Men with low-risk prostate cancer can adopt a ‘watch and wait’ approach
Thousands of men with low-risk prostate cancer should be offered a “watch and wait” approach alongside other treatments, NHS officials say.
In updated guidance, the National Institute for Health and Care Excellence (Nice) said men should be offered a choice between active surveillance where the condition is monitored closely, radical prostatectomy (an operation to remove the prostate gland and surrounding tissues) or radical radiotherapy.
The guidance is for people with low-risk localised prostate cancer and doctors should discuss potential benefits and harms, Nice said.
It said evidence shows there is no difference between the three approaches when it comes to 10-year survival rates.
Both prostatectomy and radiotherapy have been shown to reduce disease progression compared with active surveillance, and they both cut down the chances the disease will spread to other parts of the body.
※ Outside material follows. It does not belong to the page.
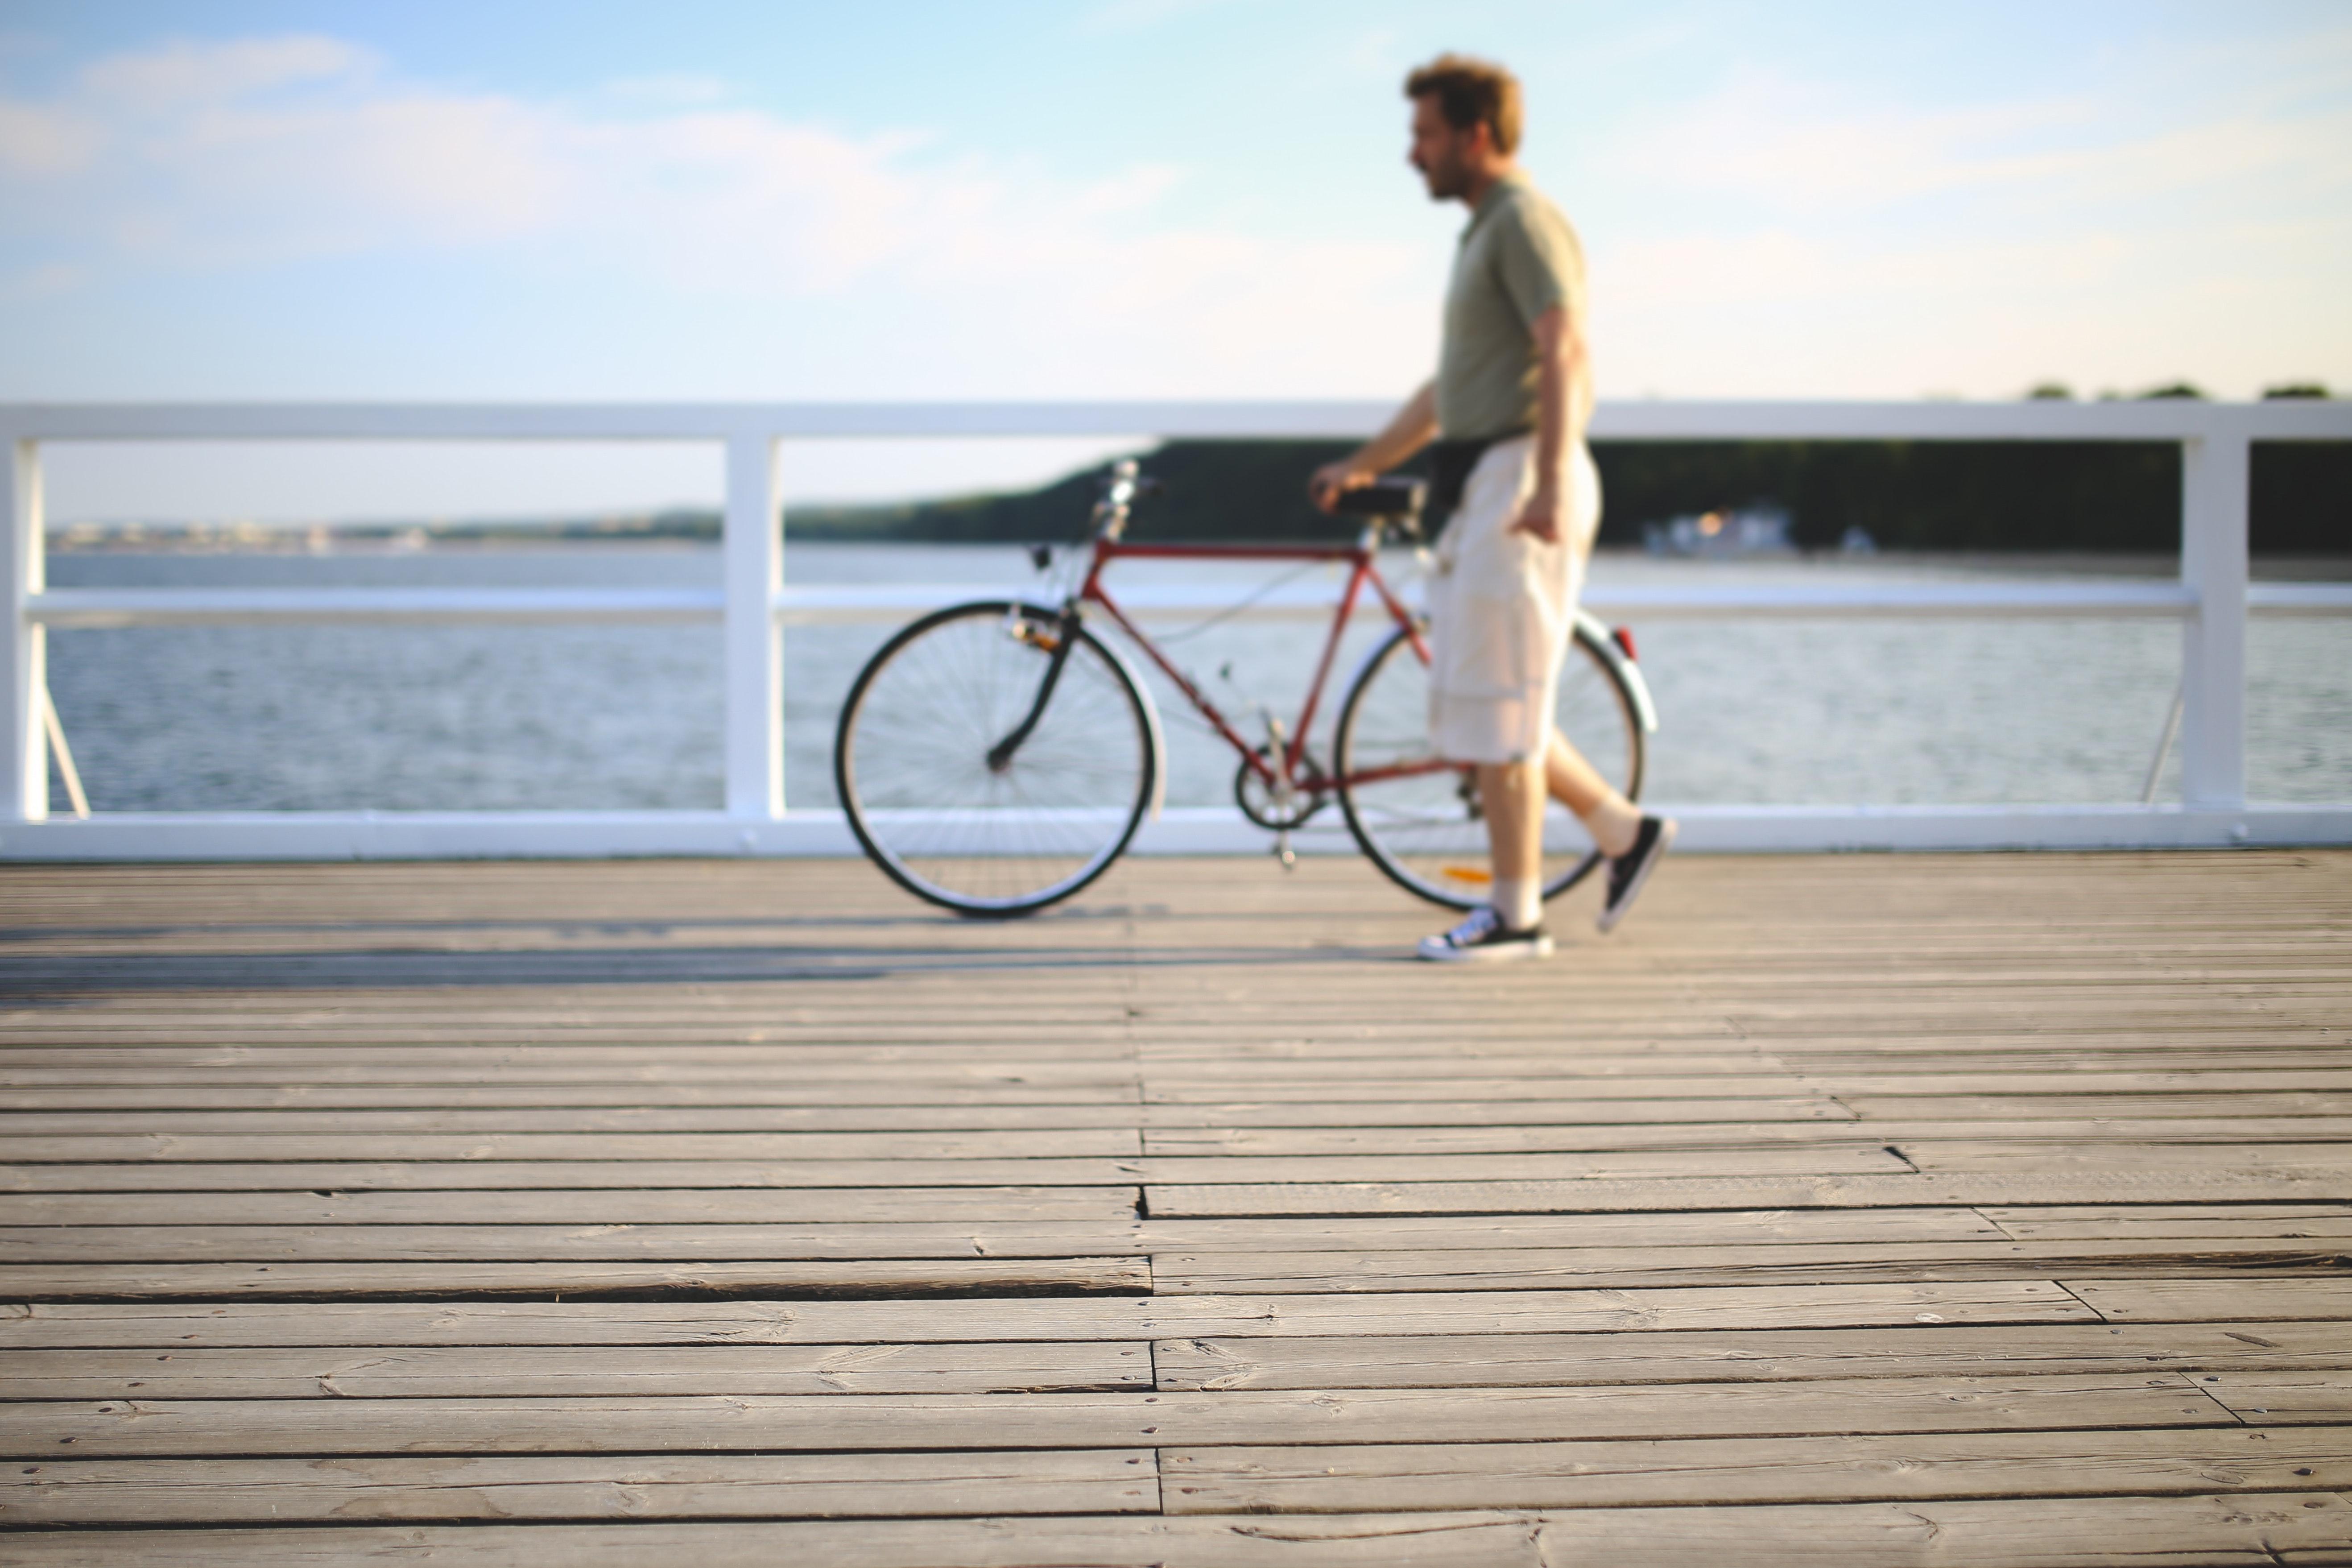 bicycle-bike-man-6001

But people undergoing active surveillance have better urinary function than those offered the other treatments. Radiotherapy and prostatectomy are also linked to erectile dysfunction.
The move was welcomed by Prostate Cancer UK.
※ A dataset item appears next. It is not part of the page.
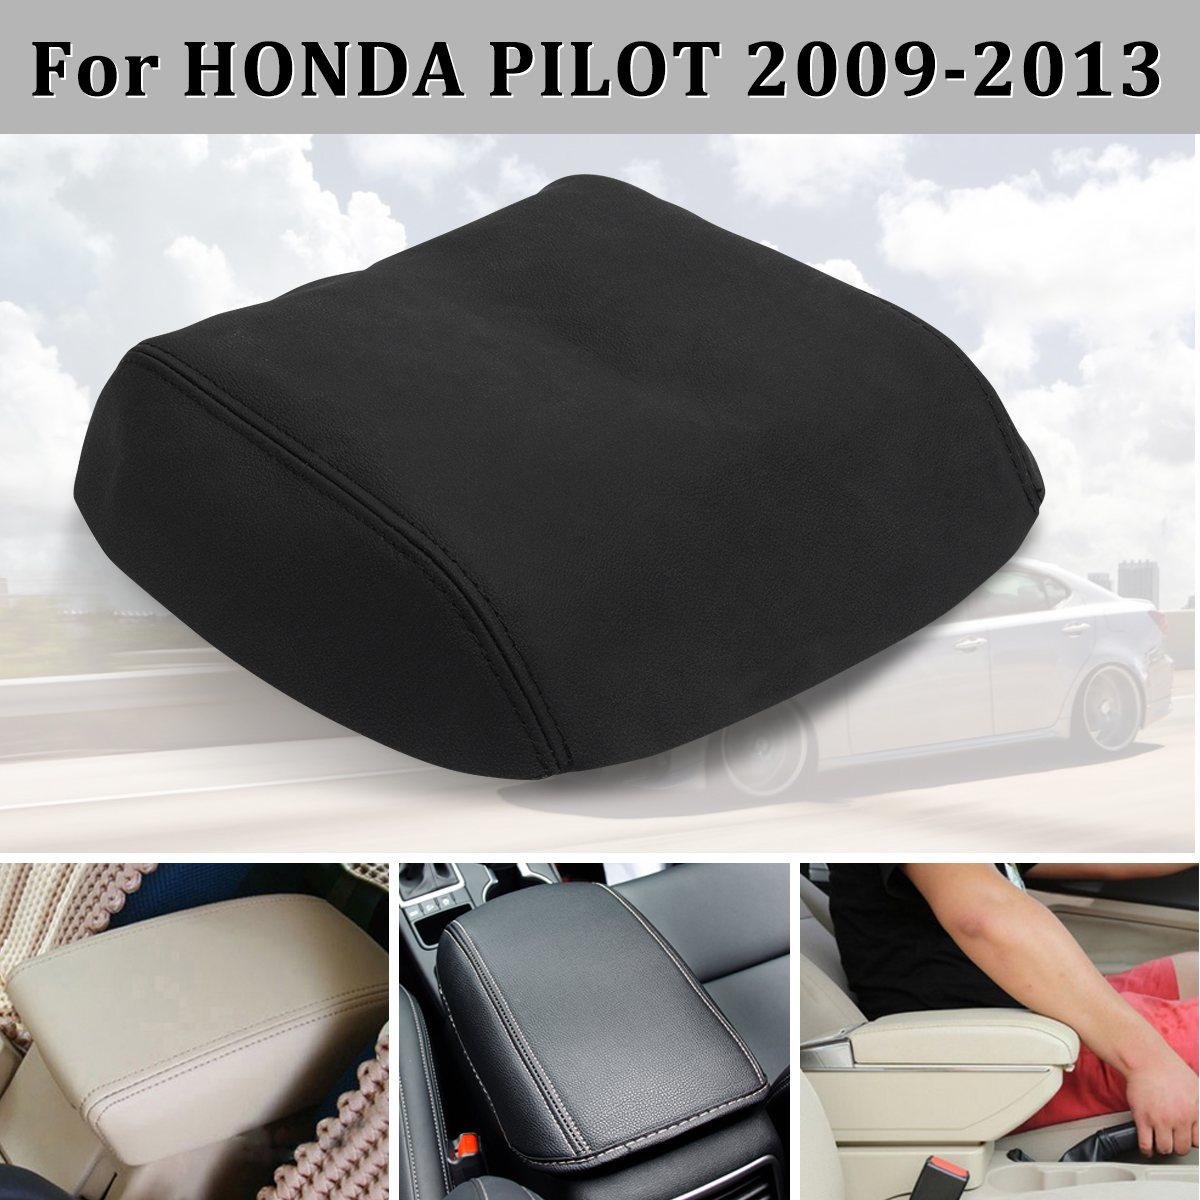 Center Console Cover for 2009 2010 2011 2012 2013 Honda Pilot Armrest Cover

Data suggests around 7,800 men a year are diagnosed with low-risk, localised prostate cancer.
Heather Blake, director of support and influencing at Prostate Cancer UK, said: “It’s great news that the Nice guidelines now reflect the latest evidence and recommend that active surveillance should be offered as a primary option for men with low risk localised prostate cancer.
“This could potentially provide thousands of men with the opportunity to safely delay or avoid radical treatment and its associated side effects.
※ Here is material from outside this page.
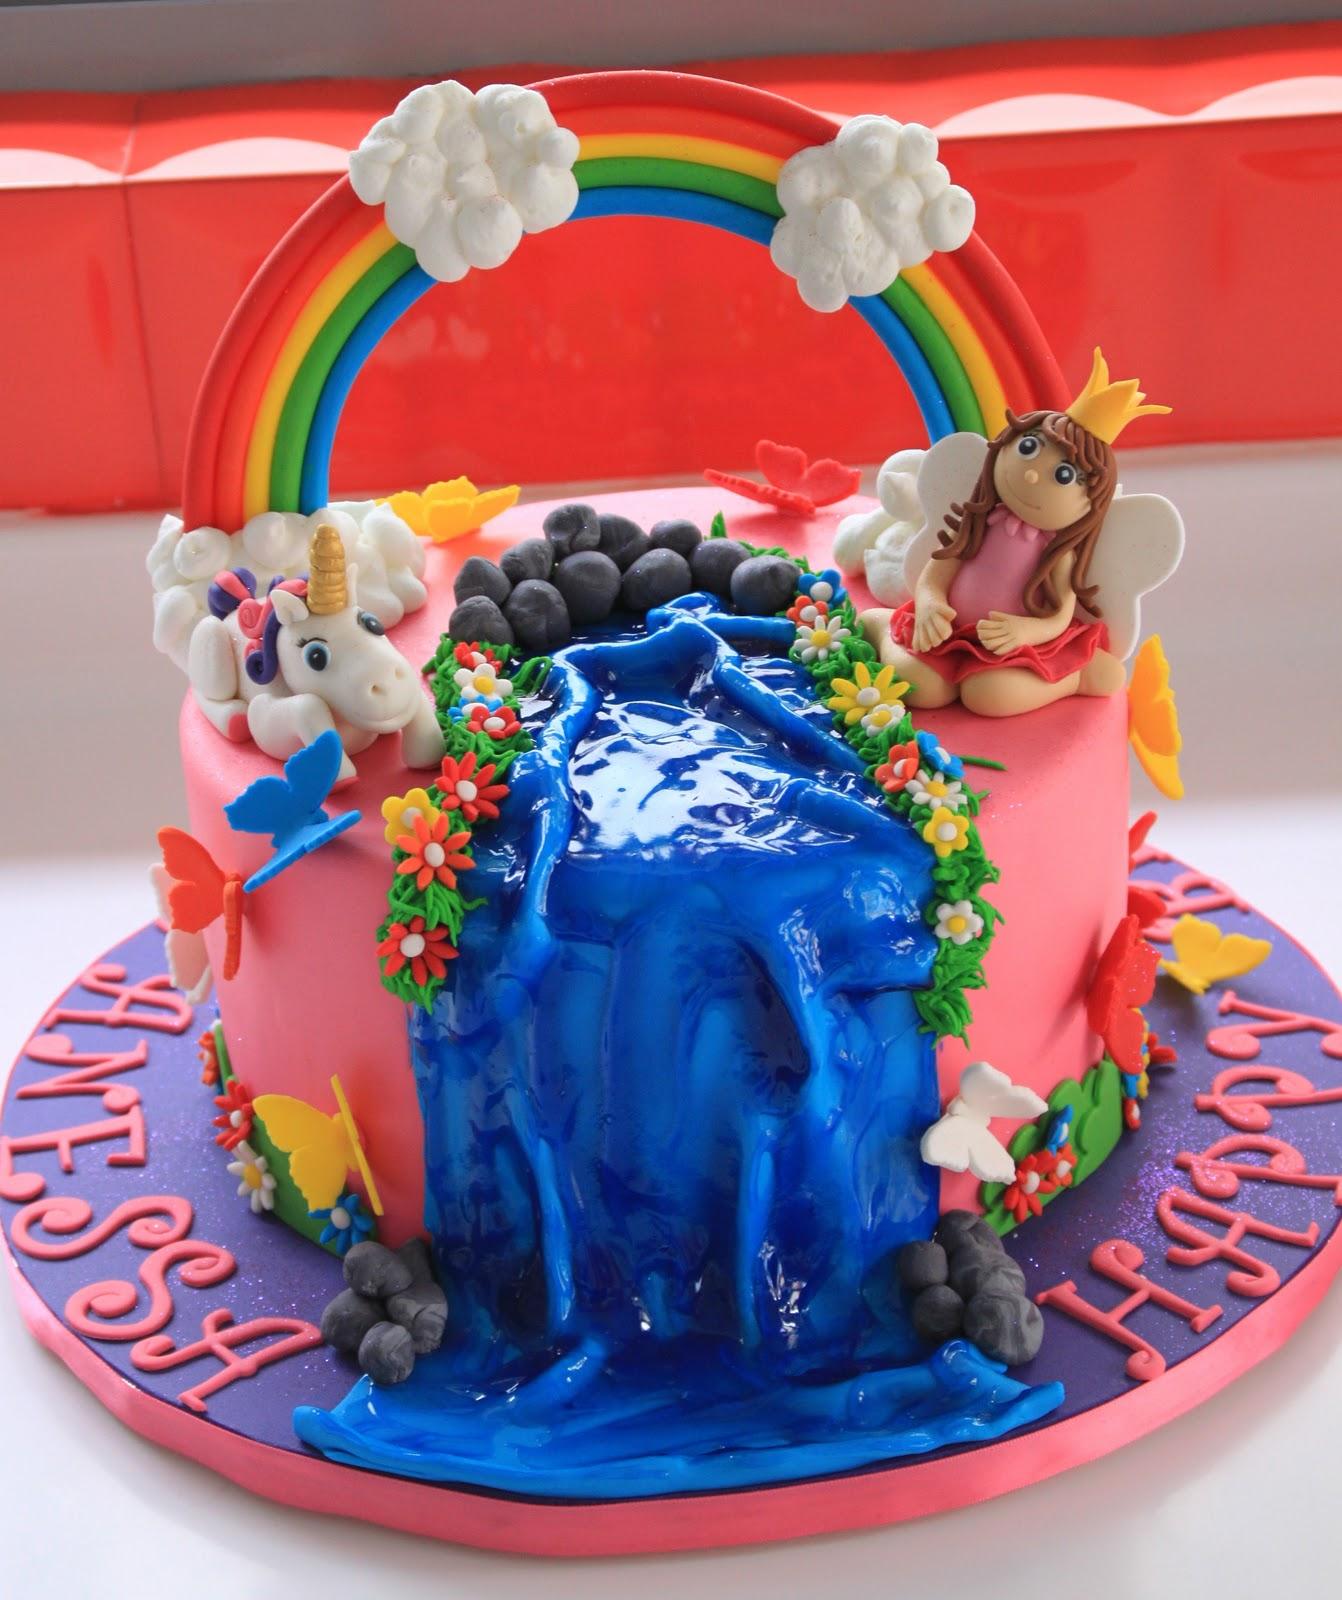 Black Frosting And Cake Cakes Rainbow Unicorn

“What is crucial now is that active surveillance is consistently delivered to a high standard across the UK alongside the personalised information and support men need to confidently choose this approach and benefit from it for as long as possible.
“From our discussions with men we have discovered that the language used and information provided by clinicians about their individual cancer risk has a huge impact on their treatment decision.
“Regular, open communication with a trusted health professional and a personalised treatment plan are also crucial to ensuring men feel reassured and can maintain a good quality of life during their time on active surveillance.
“These factors must be addressed alongside the roll out of the Nice guidelines if men with low risk localised prostate cancer are to have the best outcomes.”